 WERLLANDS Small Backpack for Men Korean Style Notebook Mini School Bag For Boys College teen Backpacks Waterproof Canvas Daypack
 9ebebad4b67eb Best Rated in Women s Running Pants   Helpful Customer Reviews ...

● ● ● ●

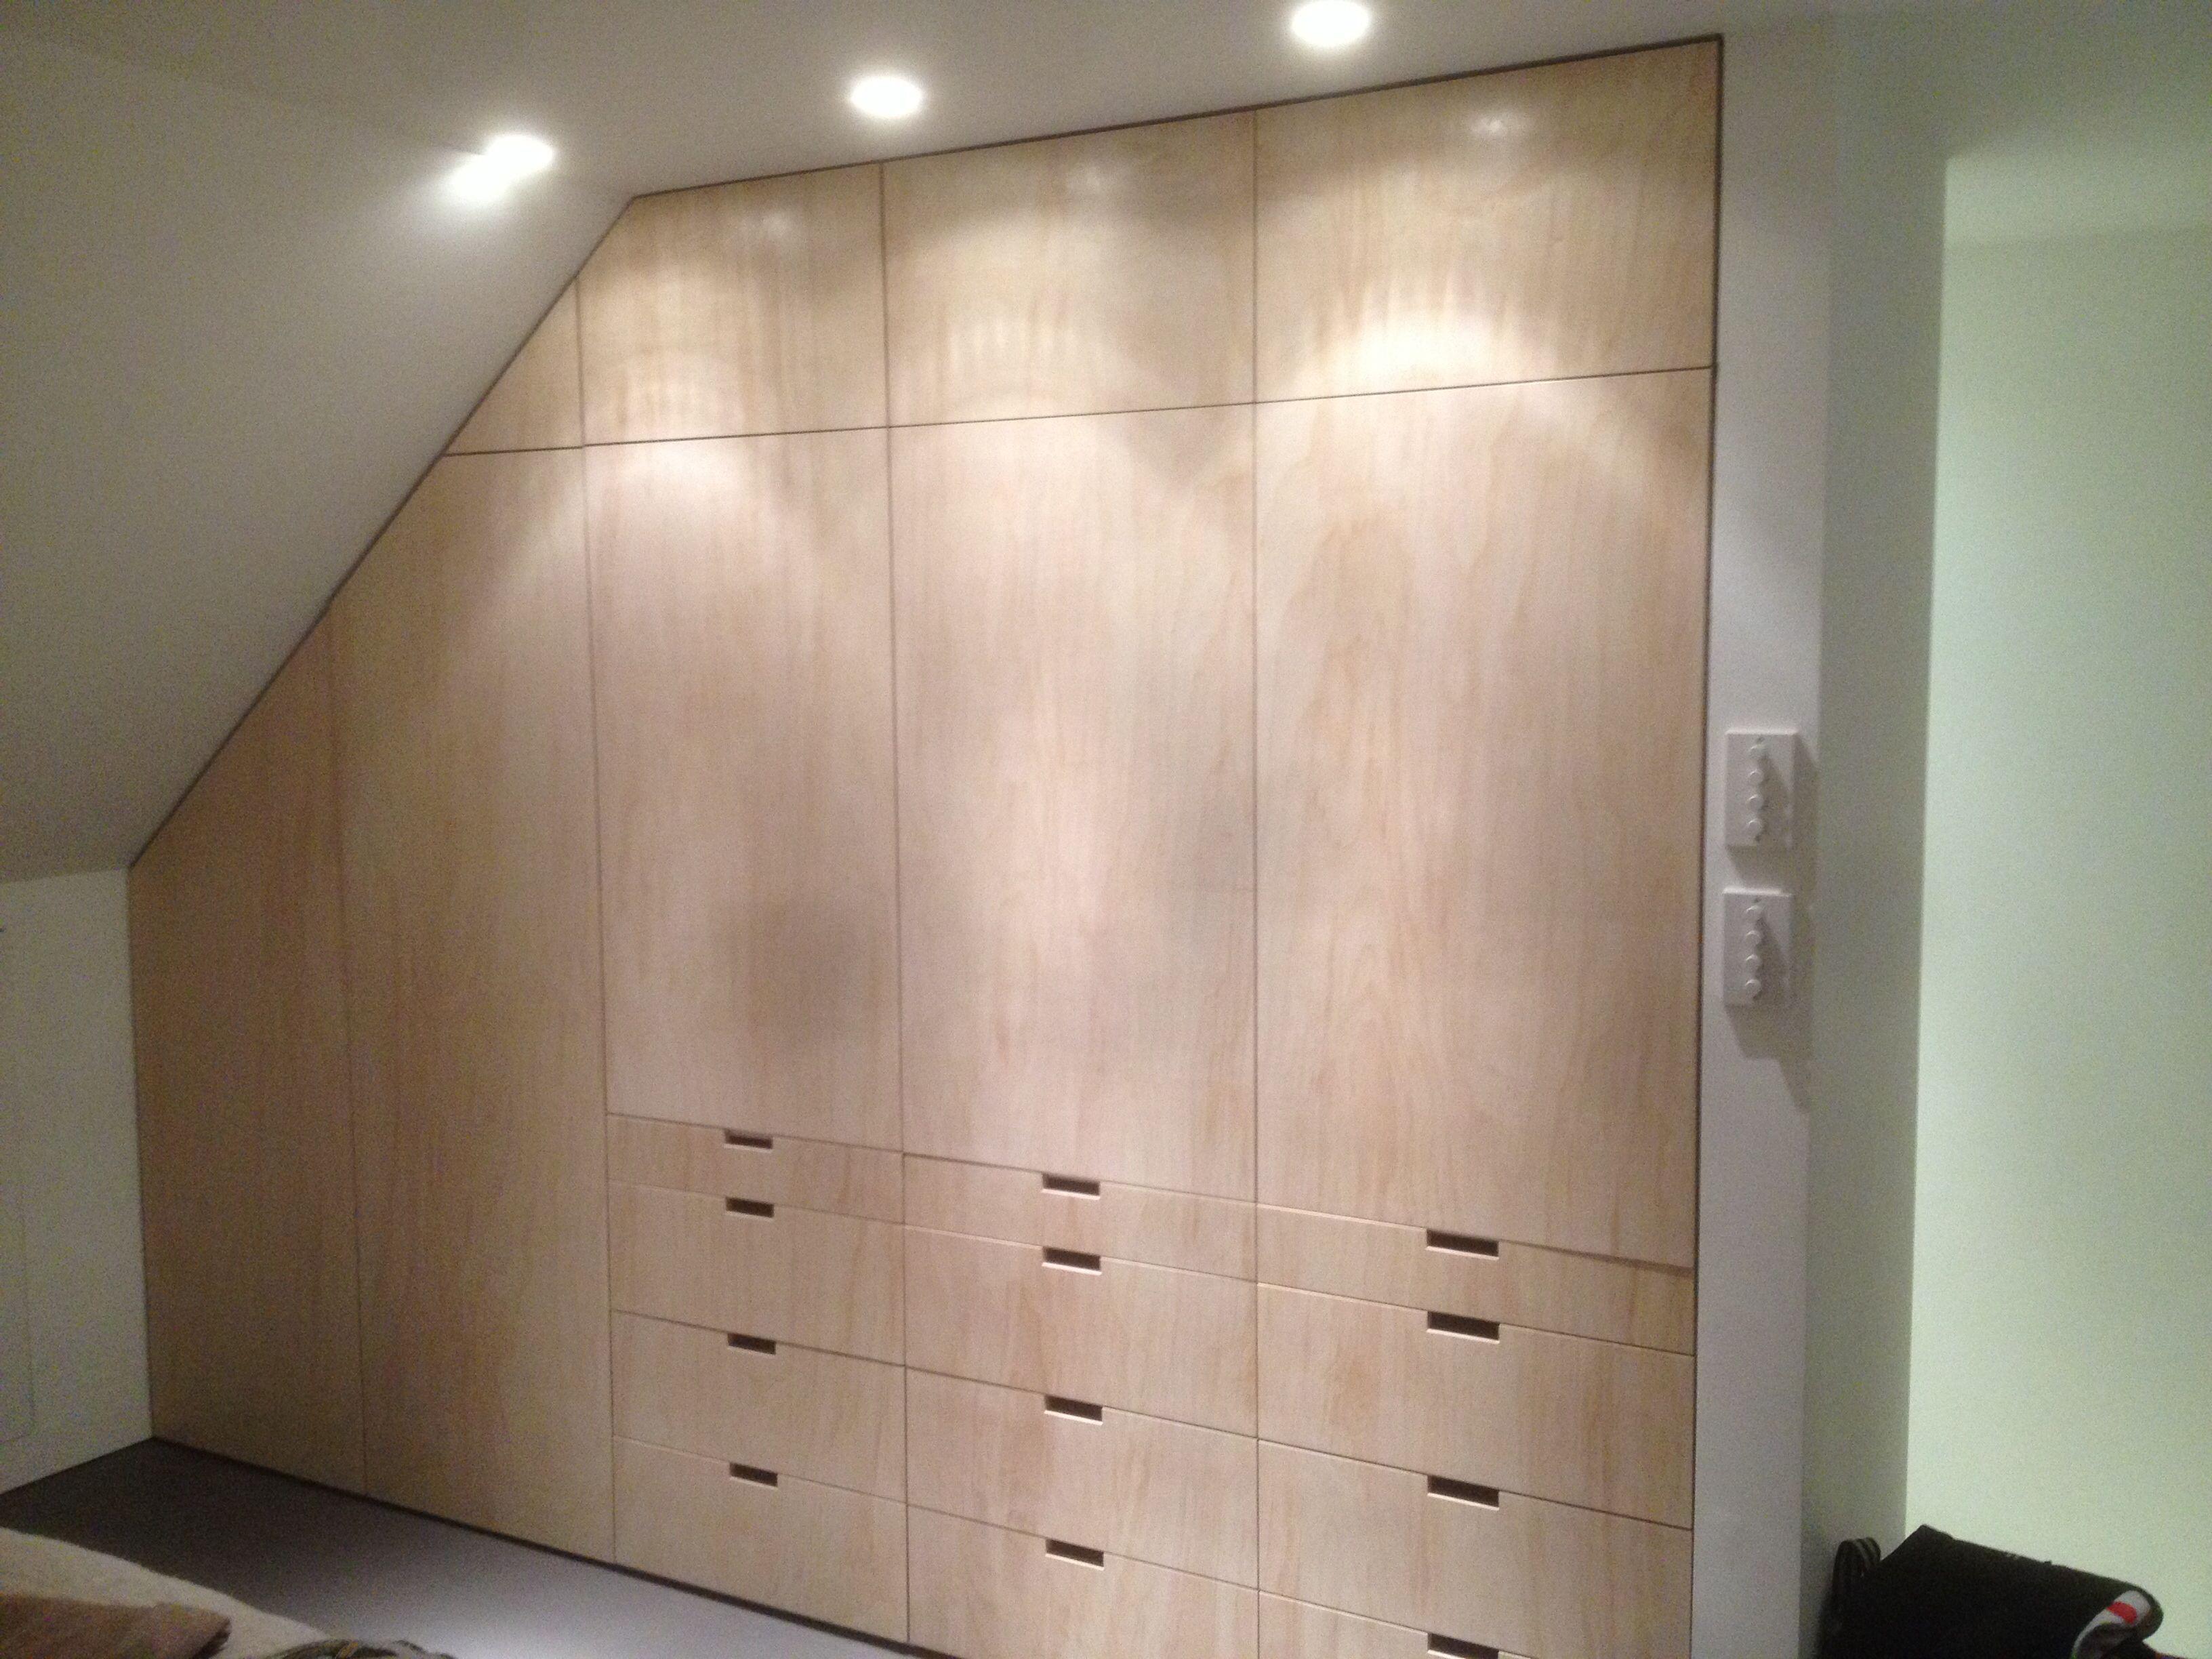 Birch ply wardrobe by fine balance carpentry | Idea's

● ● ● ●

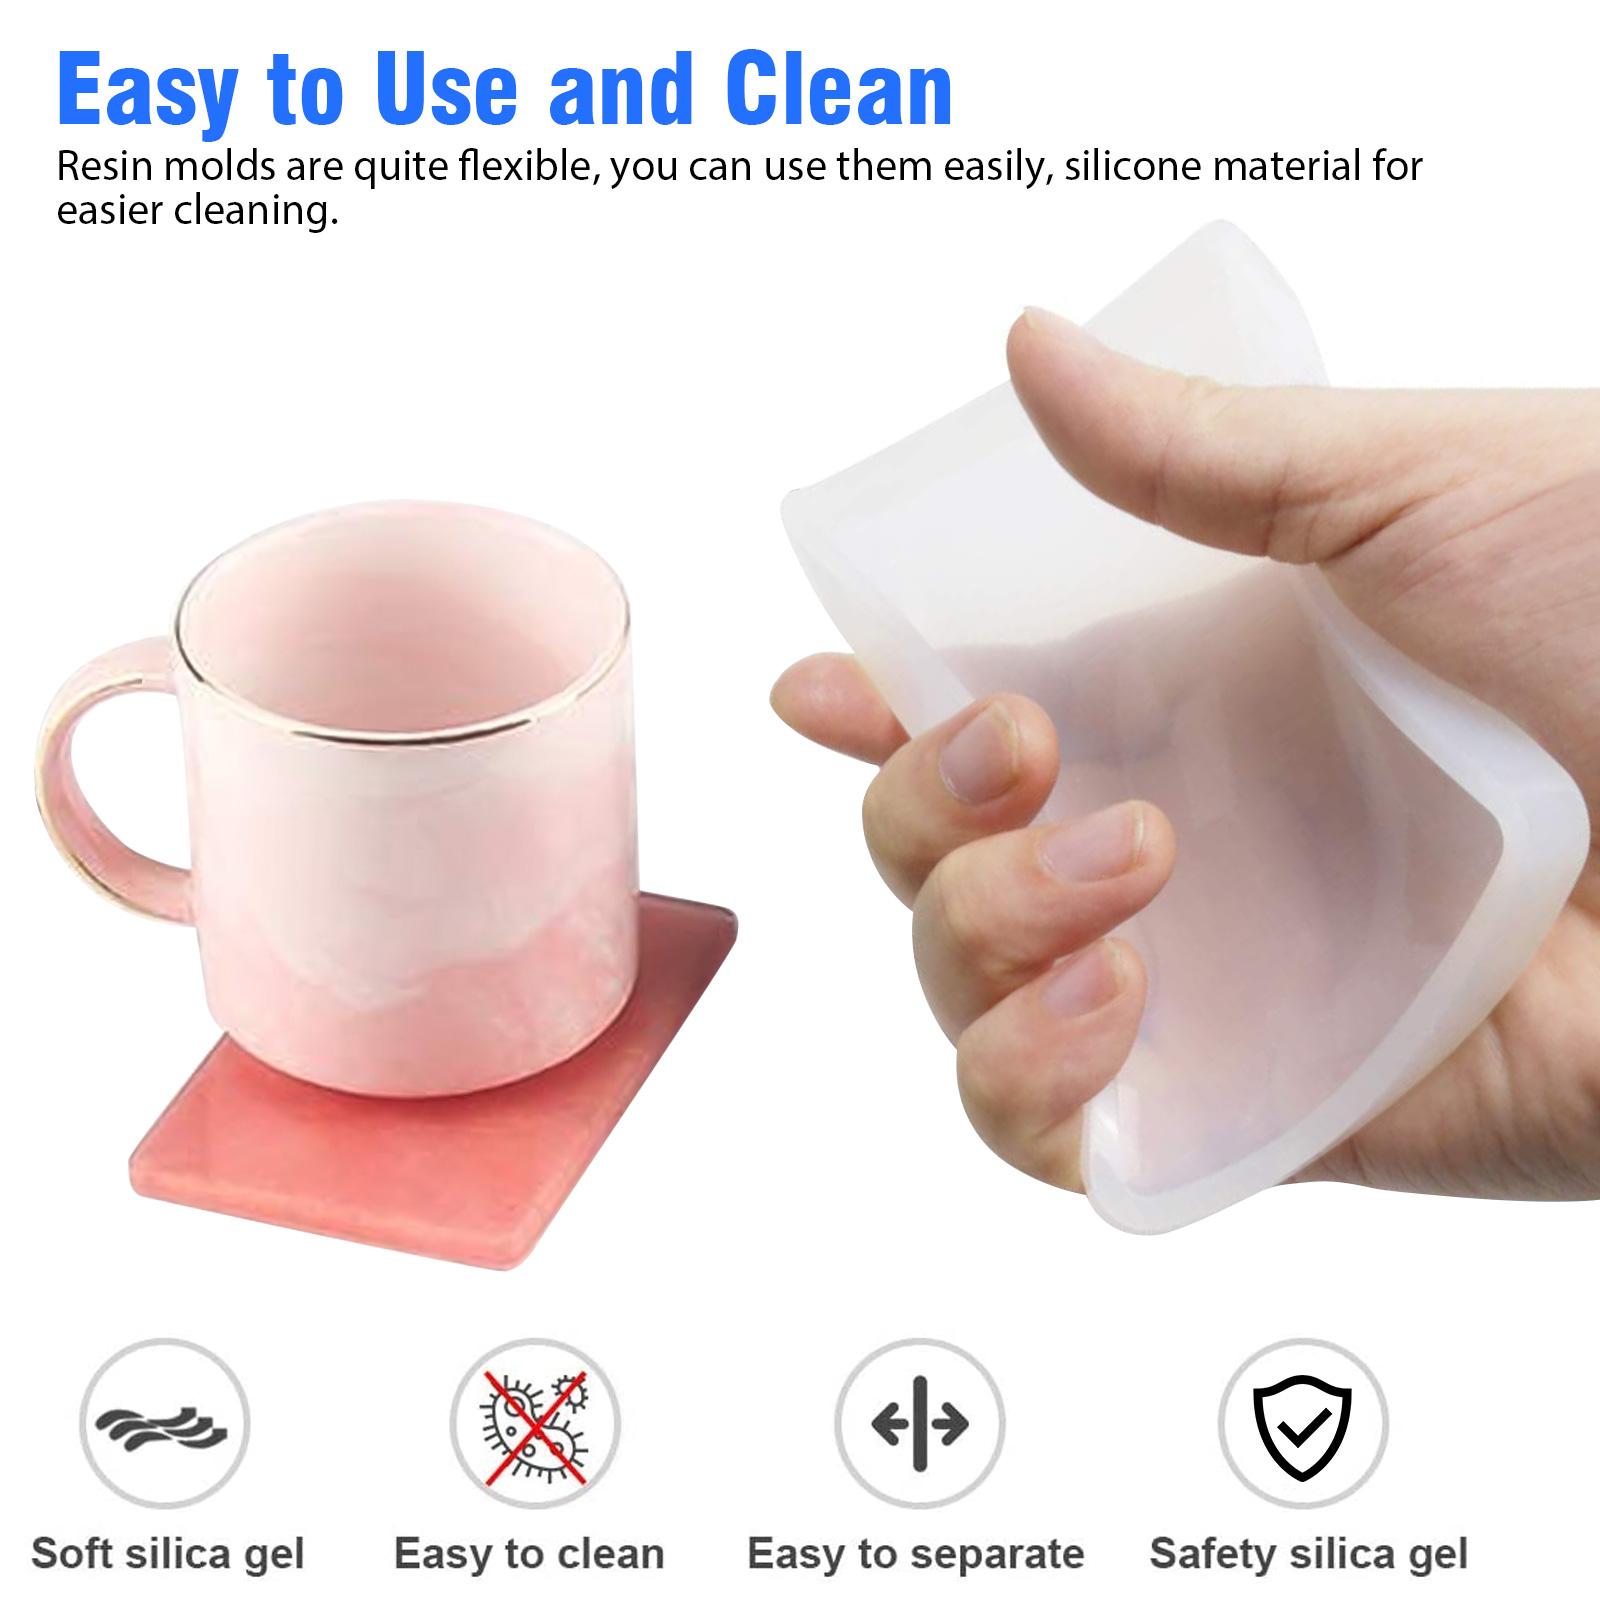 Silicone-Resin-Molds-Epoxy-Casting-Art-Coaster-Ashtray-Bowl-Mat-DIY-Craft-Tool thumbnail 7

● ● ● ●

Prompt:
Using the records above, restate word for word the lines from the one with "WERLLANDS Small Backpack" through the one with "9ebebad4b67eb Best Rated", both included.

Task output:
 WERLLANDS Small Backpack for Men Korean Style Notebook Mini School Bag For Boys College teen Backpacks Waterproof Canvas Daypack
 9ebebad4b67eb Best Rated in Women s Running Pants   Helpful Customer Reviews ...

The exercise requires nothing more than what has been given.